Adam Hieb, vice president of sales and marketing for Shea Homes’ Northern California division, calls his company’s decision to move from its pre-recession suburban focus to a “stay close; reduce your risk” philosophy a good one. Yet he realizes that not everyone who works in Silicon Valley can afford the mortgage on a Bay Area home.
And he discovered that plenty of young techies who can’t live without the amenities of a city are willing to commute an hour or even two each way for work to get those urban perks—as long as affordability isn’t the only thing they’re trading for that sacrifice.
Shea has ventured fairly far from downtown San Francisco to break ground on 1,500- to 2,500-square-foot single-family homes in the beach community of Marina, Calif., more than 70 miles from Silicon Valley and more than 100 from downtown San Francisco.
The selling price: $300 to $400 per square foot, half the cost of real estate in the heart of Silicon Valley. “In this case, living at the beach is cheaper than living in Silicon Valley,” Hieb notes.
Likewise, the builder has 2,300- to 3,900-square-foot homes in the already-developed Mountain House master planned community, also an hour away from Silicon Valley. At $200 a square foot, homes are considerably more affordable than comparable urban abodes, but the local school system is top-notch, which eases the pain of the commute for many of the young parents who have bought homes there.

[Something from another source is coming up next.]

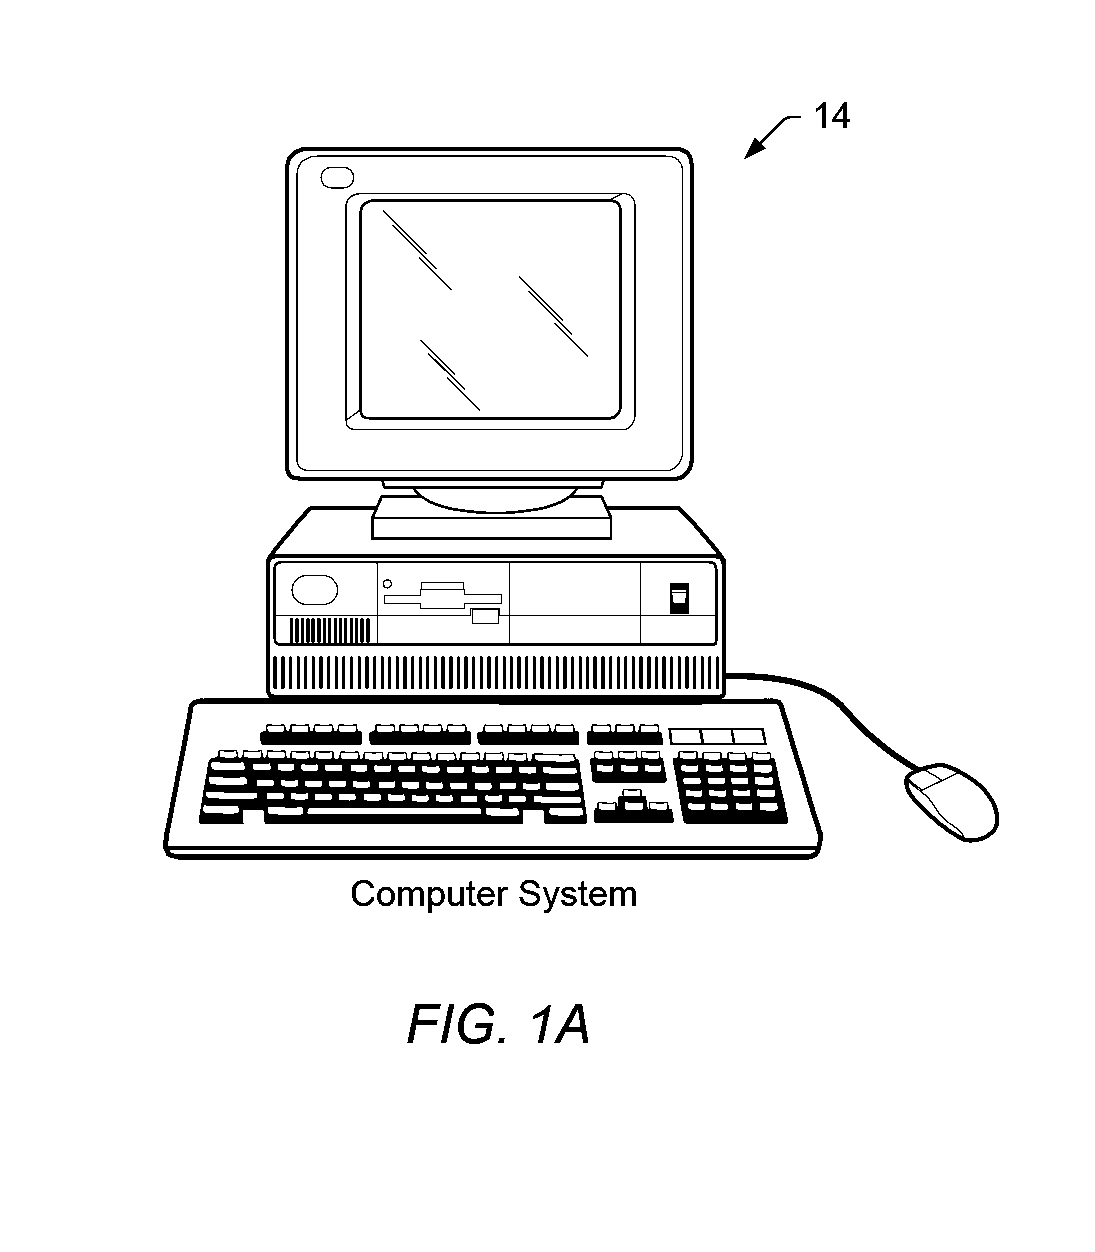 Automatically Generating a Graphical Data Flow Program Based on a Circuit Diagram

Both communities have their own “core centers,” teeming with restaurants, stores, and entertainment venues, features that satisfy the cravings of homeowners who would prefer to live downtown but can’t afford it, Hieb says.
“Sprawl is over,” says Leinberger, but that doesn’t mean the suburbs are dead. He says the right combination of urban amenities, transportation, and walkability will attract home buyers to nearly any suburban location. In fact, he estimates that 60% of all real estate demand for housing will be in the “urbanizing suburbs,” at least for a generation.
Still, targeting these areas is not inexpensive, Leinberger warns.
“Taking on a walkable urban on the fringe is not for the faint of heart. You need capital or you’ll go under,” he cautions. “If you build it, they will come; but build it right and build it big.”